I bid a brief farewell to Monin and Yerba.
“See if you can get us all invited to the castle,” Yerba urged Durkle. “Never mind what your father says. I’m sure the Duke needs more retainers.”
And then the boy and I teleported on our way. We found a substantial mound of jiva-delivered kessence slumped beside the Duke’s giant geranium, quite near the gall on its stalk that held Atum’s Lotus. The torn-off top of the gall had healed over, and there was still a little entrance hole near the top. That’s where I needed to go.
>
Remembering the former Earthmost Jiva’s attack on Atum’s Lotus, I turned to study her replacement, who was glowing like a sun nearby. I could tell that she was watching me. Fortunately, she didn’t seem inclined to attack. Maybe she was a little frightened. After all, I’d killed the previous Earthmost Jiva with a yuelball.
The thuggish alien mini-blimp, Boss Blinks Bulber, was hovering over the faintly glowing heap of kessence, annoyingly blocking my path to the hole in the gall. The kessence was like pale-blue gelatin; it looked vaguely radioactive. Members of the Duke’s court were doing their best to haul off bits of it for themselves, and the Bulber was brushing them back by shooting sparks from his rear.
The sparks didn’t seem to be lethal, but they were definitely keeping the flims at bay. With his two dozen jiggly eyes, Boss Blinks didn’t miss much. All the while, his sleazy Bulber pals kept teleporting in and out, making off with great scoops of the kessence.
“Hi, Jim,” said a handsome flim man standing in the field near the geranium. “We met in the orgy room? I’m Sandy. I was flirting with Weena, but she wanted you.”

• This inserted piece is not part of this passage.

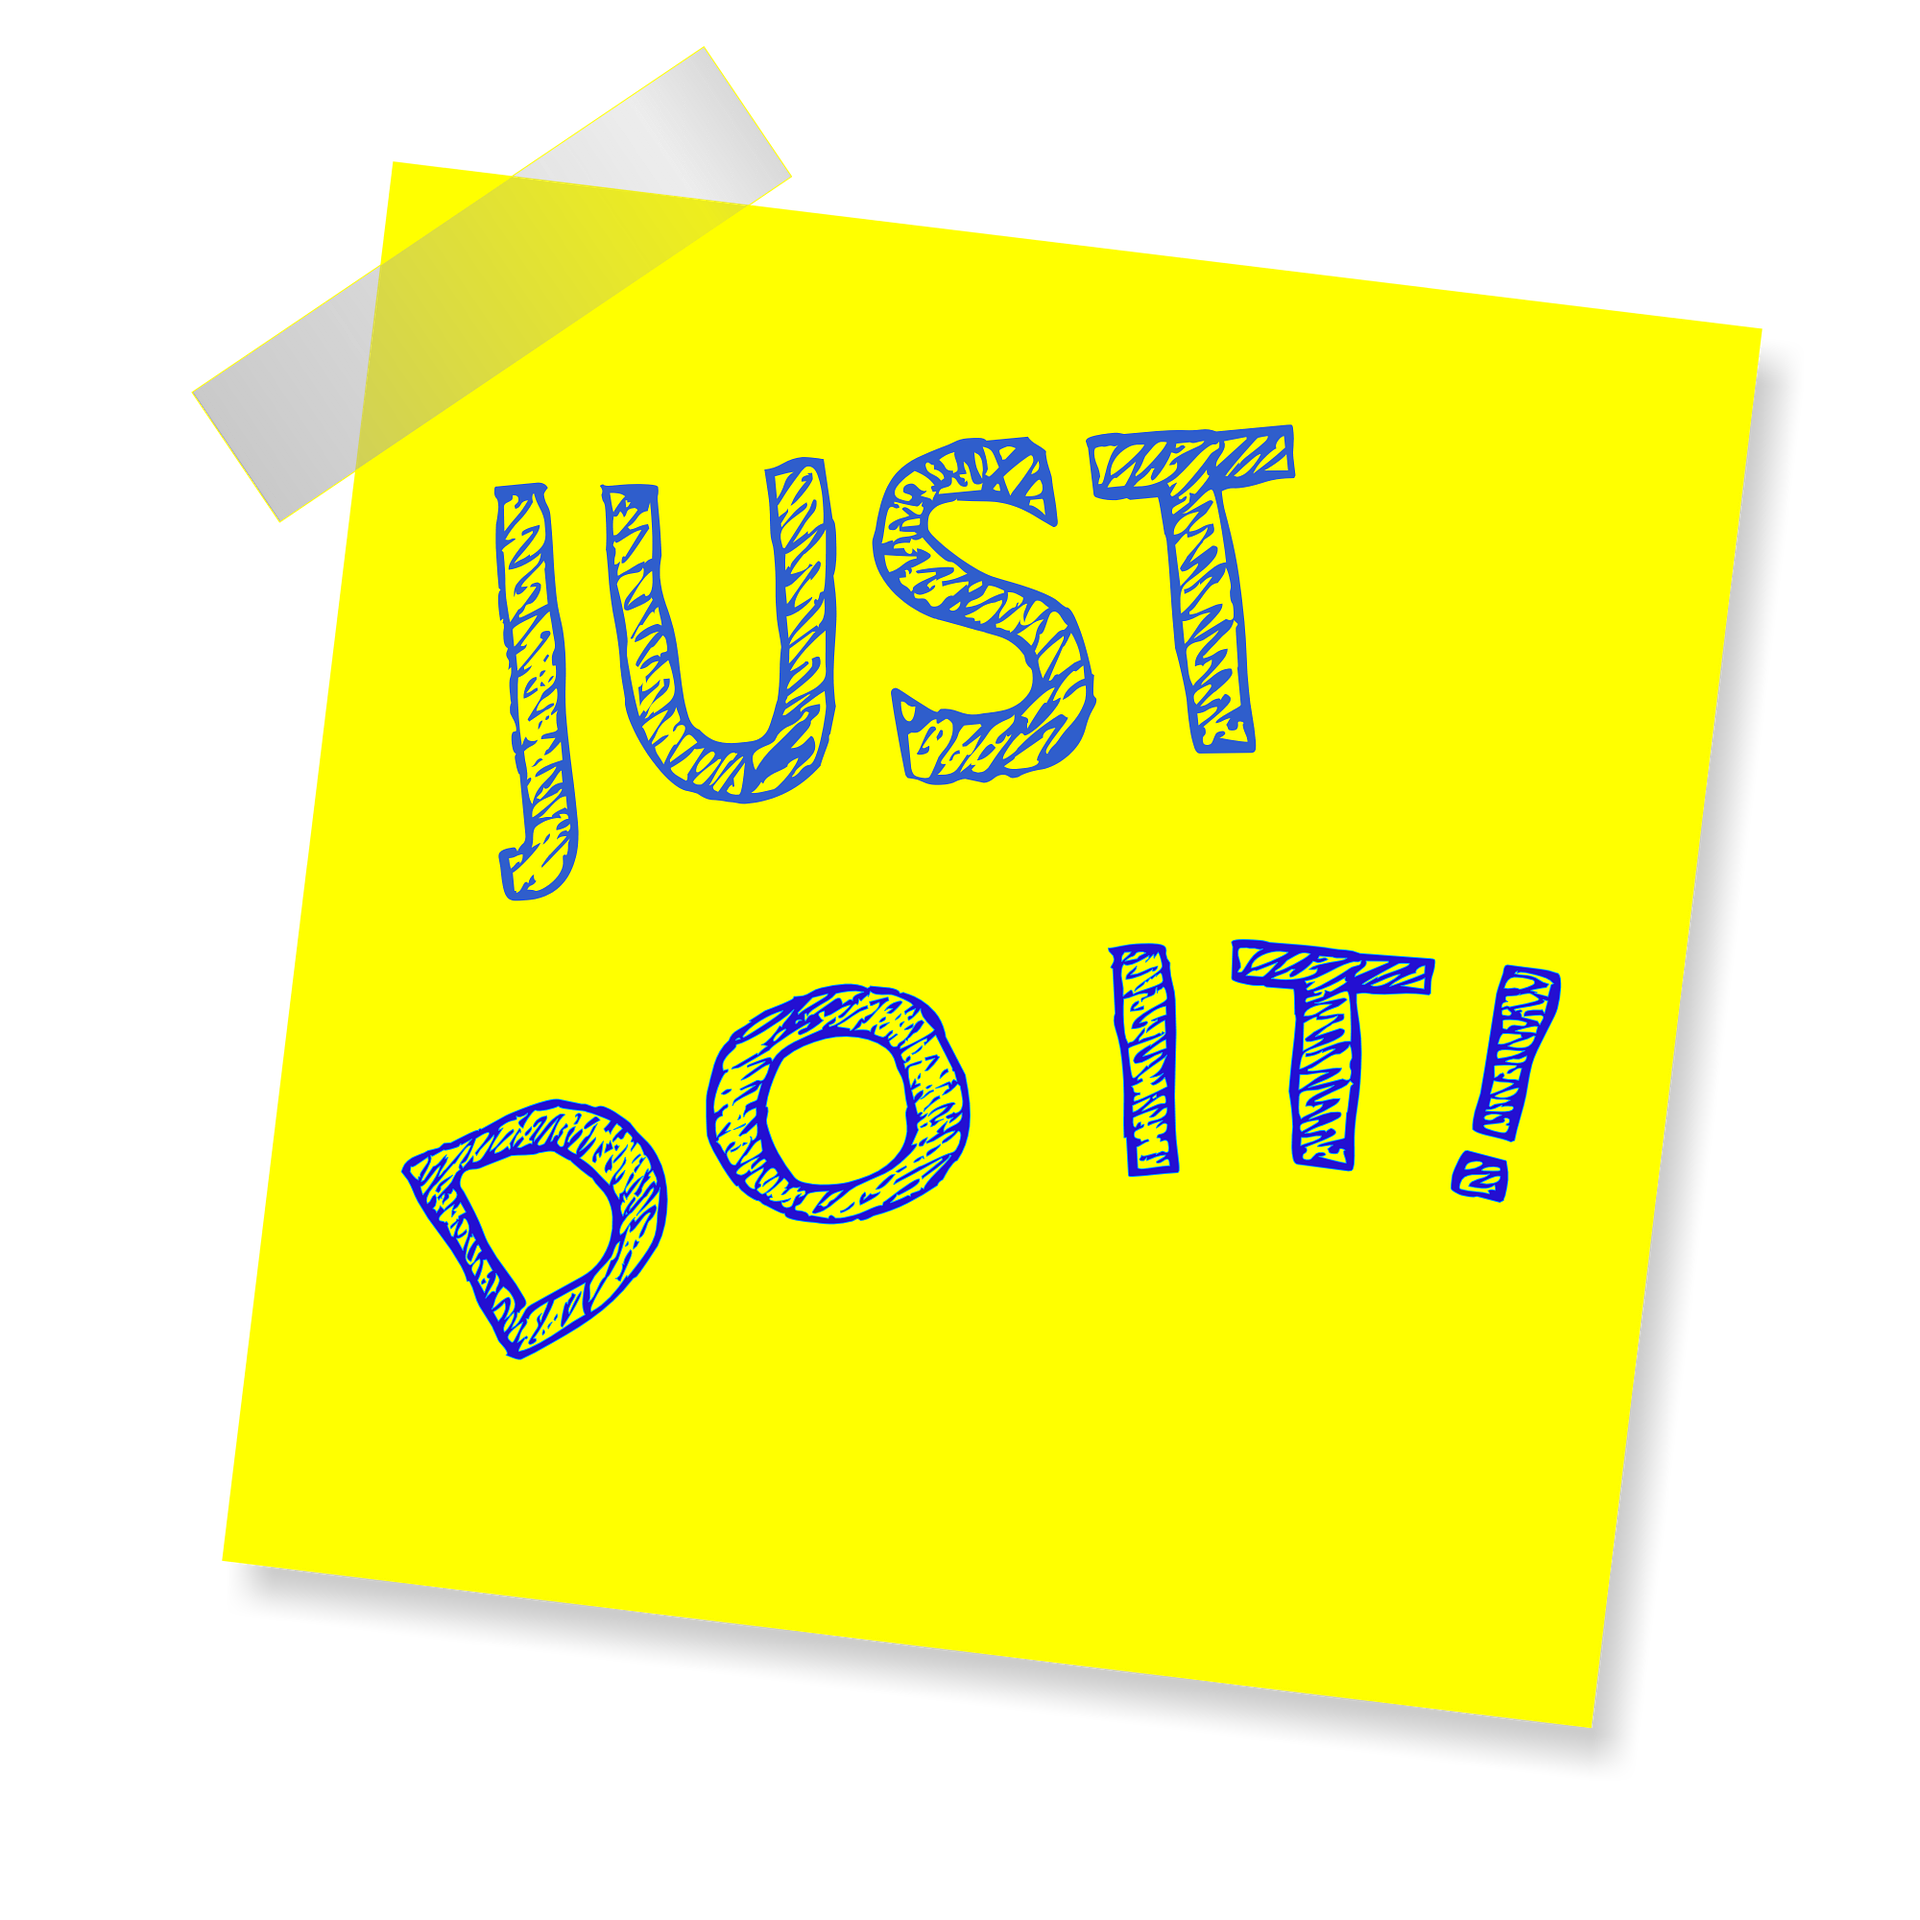 "Just do it" written on a yellow post it with tape on the top right corner
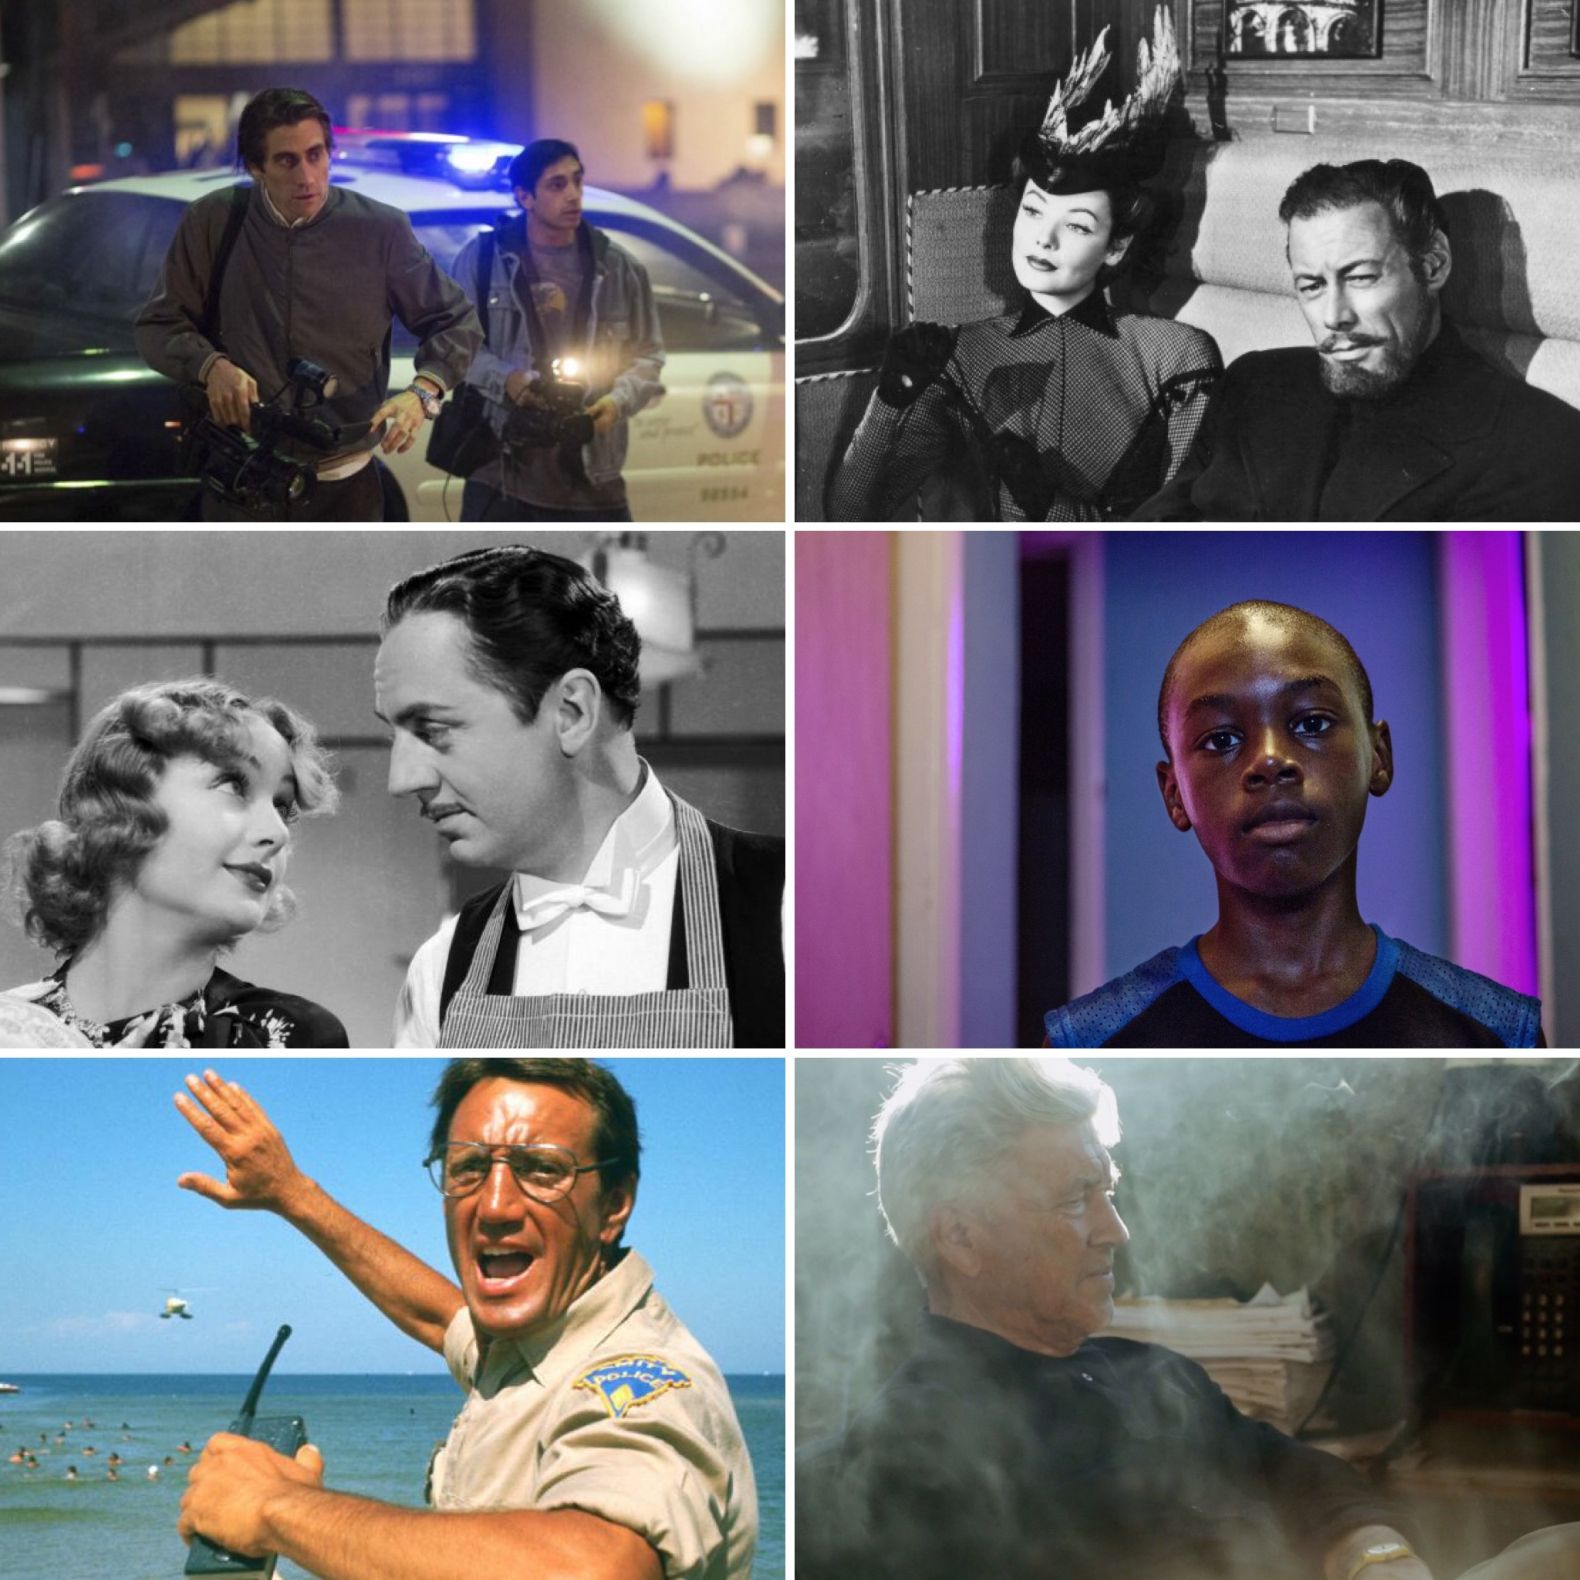 Duke Box #46: Our Guide to the Best Films on TV

“Jim’s saucy,” piped Durkle.
“Yeah, yeah,” I said. I kind of recognized this Sandy guy, but I didn’t want to get into a big talk about Weena. “What’s up with the Bulbers?”
“The jivas pumped enough kessence to repay Boss Blinks, but he keeps saying we owe him even more. He says that he and the other Bulbers plan to eat our castle, too.”
I didn’t feel a great deal of loyalty to the Duke and Duchess—after all, they’d saddled me with that load of jiva eggs. But the Bulbers pissed me off. And Boss Blinks was in my way.
“What do you think?” I asked Durkle.
“Maybe I can pop that farty blimp,” said Durkle, swiping at the air with his two-foot-long sword.
“He’ll try and crisp you,” said Sandy. “You’ll want to thicken your hide.”